I have tried using the depends_on = [module.db.private_ip] but the application before the db server.
Every once and a while it works and the web server connects, but more often than not it does not.
the explicit dependency does not seem to help, any ideas what I could be doing incorrect?
You have a circular dependency, and you need to break it.
My suggestion would be to move the security group resource out of the app module. Either handle it directly in the main part of the configuration, or move it into the networking module - assuming you have one like that for handling vpc/subnet/etc. The latter option would be prettier, I think.
This feels to me like an issue arising from there being a delay between the API signalling that an object exists and that object actually being ready to use. In many cases there isn’t a way to fix that completely at the infrastructure provisioning layer: these things are distributed systems that take some time to initialize fully and often don’t report detailed process out to the world around them.
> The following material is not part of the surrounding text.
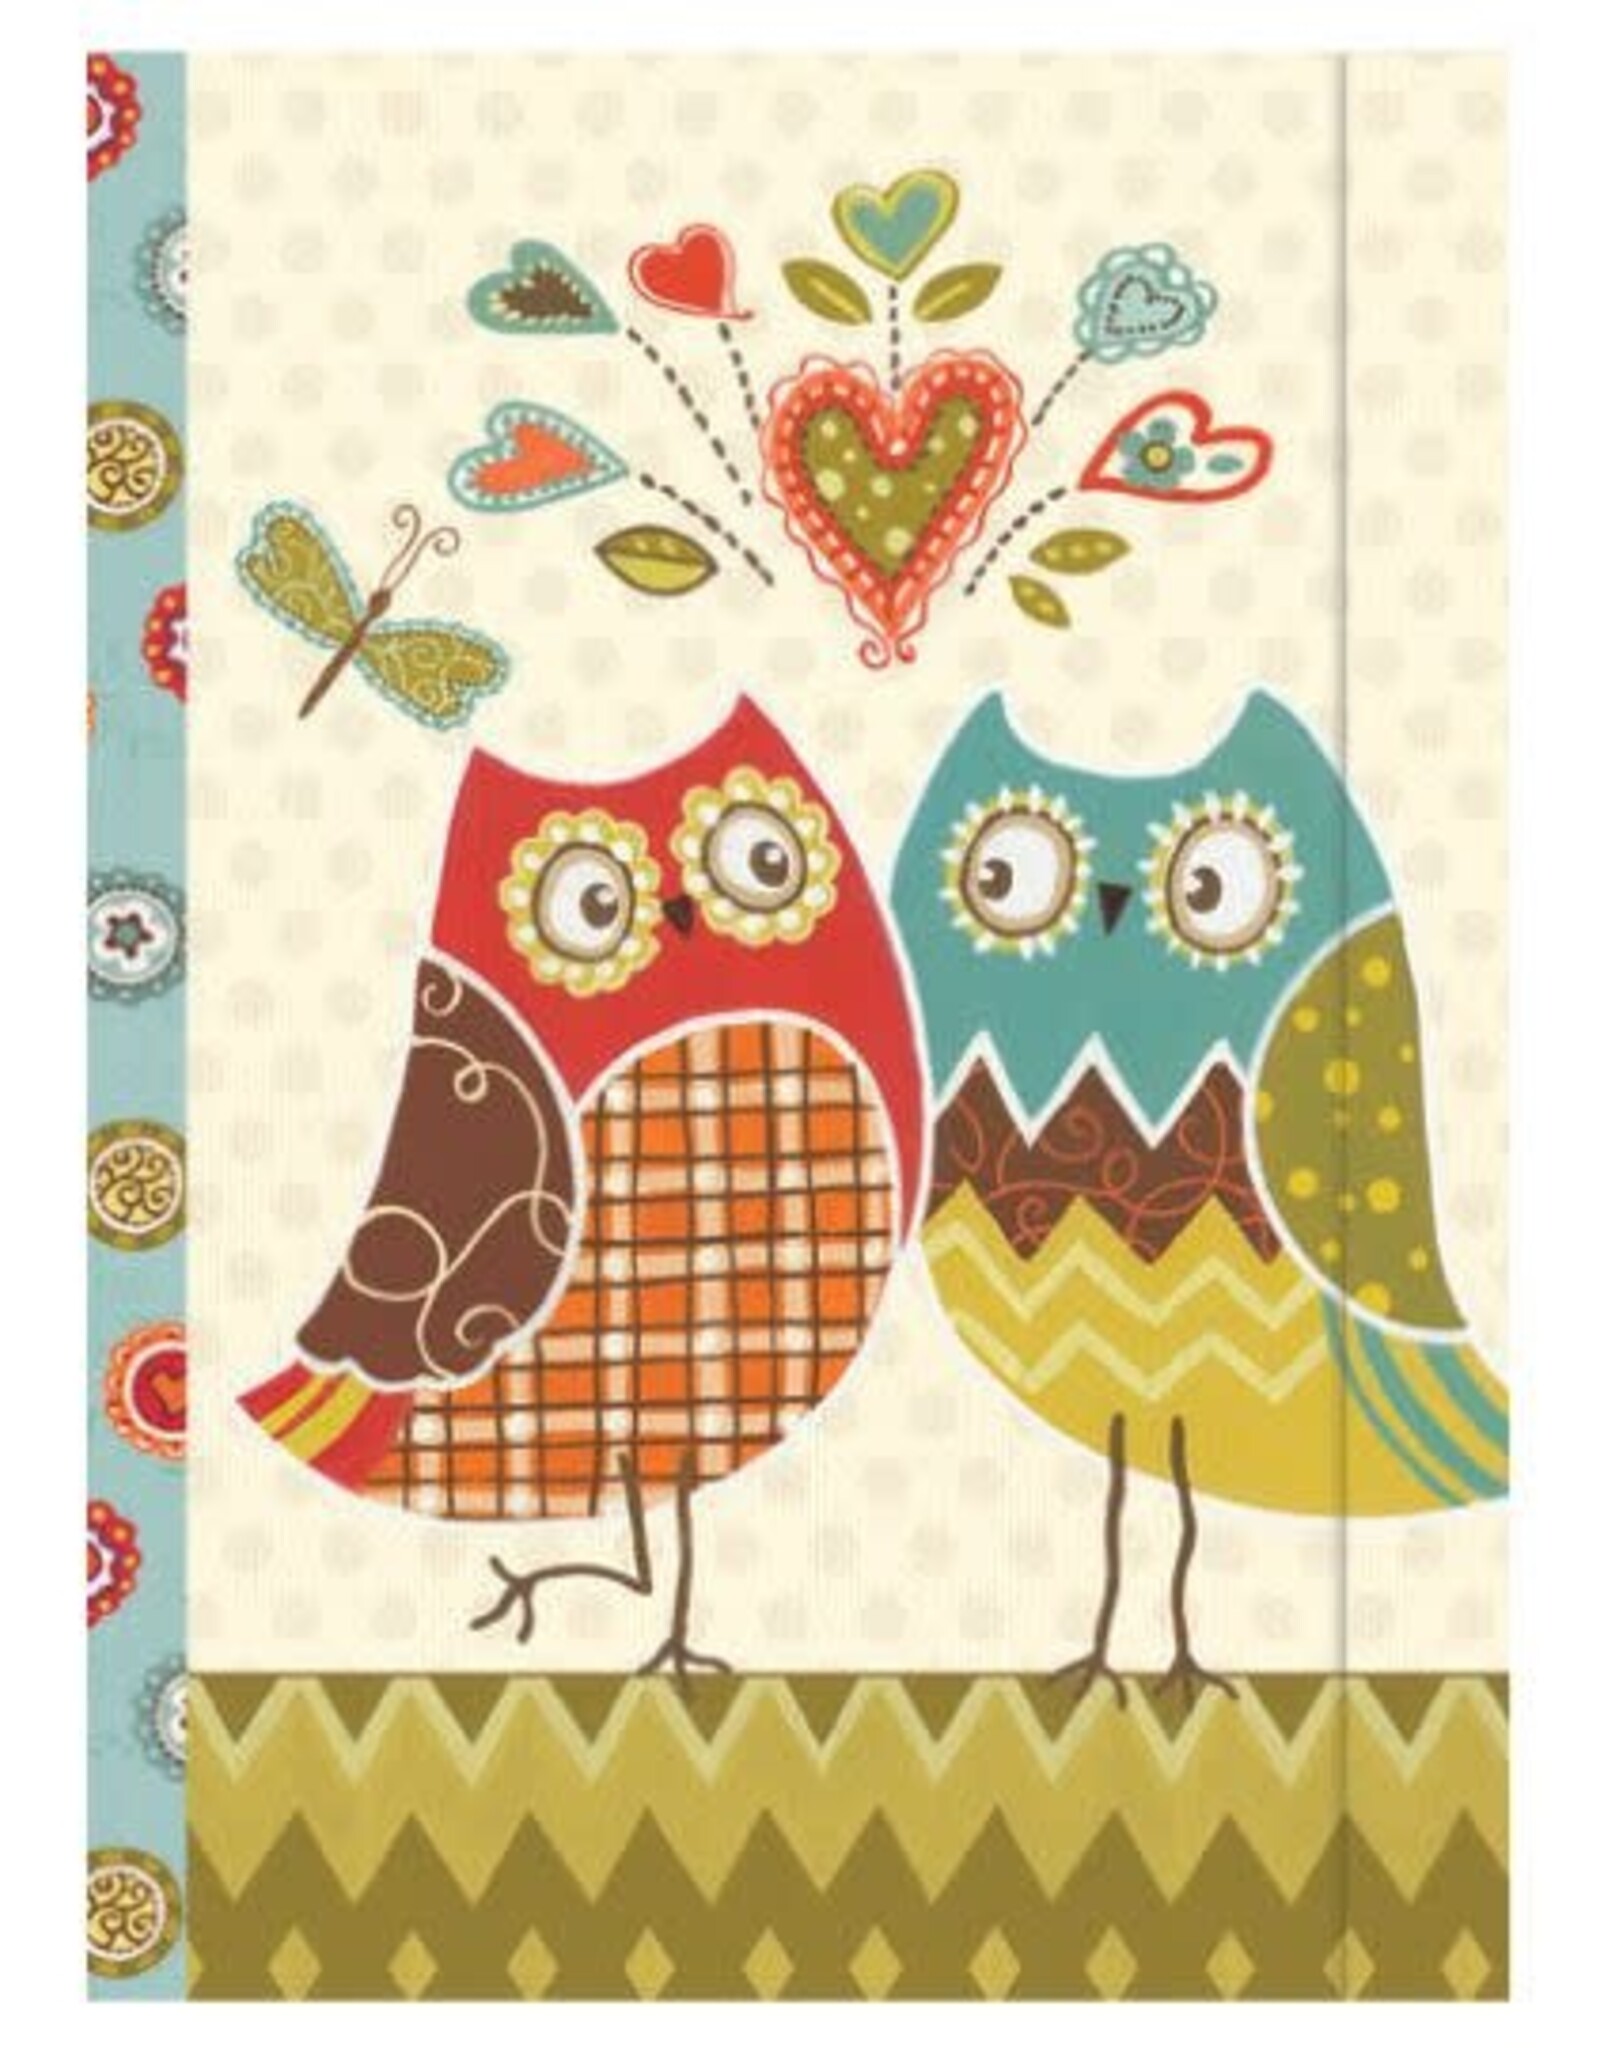 Wonderful Owls Journal 7" x 5"

My usual advice in situations like this is to make the application code itself defensive about its dependencies being unavailable. For example, perhaps if the application is unable to reach the database then it would retry periodically but refuse to accept incoming requests until it’s successfully (re-)connected. That not only decouples your startup sequence and thus mitigates these ordering problems a little, but also buys you a little more resilience to runtime issues like network partitions that might make some of your application servers become unable to reach the database even after they have been running successfully for a while.
Modules themselves don’t participate in the dependency graph – only their individual variables and outputs do. So this sort of situation where two modules appear to depend on each other is actually okay in Terraform, as long as the other objects on either side of the module boundary don’t form a circular dependency situation themselves. However, dependencies can only control the ordering of the operations Terraform directly controls; if the vendor API that the provider is talking to says that the object is “ready” then Terraform will move on to the next object.
Thanks for the response, normally I would have moved the security group out of the app module but the exercise that was given wanted a particular solution and touching the initial module API is a no no…
This is definitely a signalling issue, the KISS way for me was to introduce a simple delay on bringing up the app server. I was looking for some awesome engineering feat but sixteen characters seemed enough for this particular challenge.
Thank you for your response…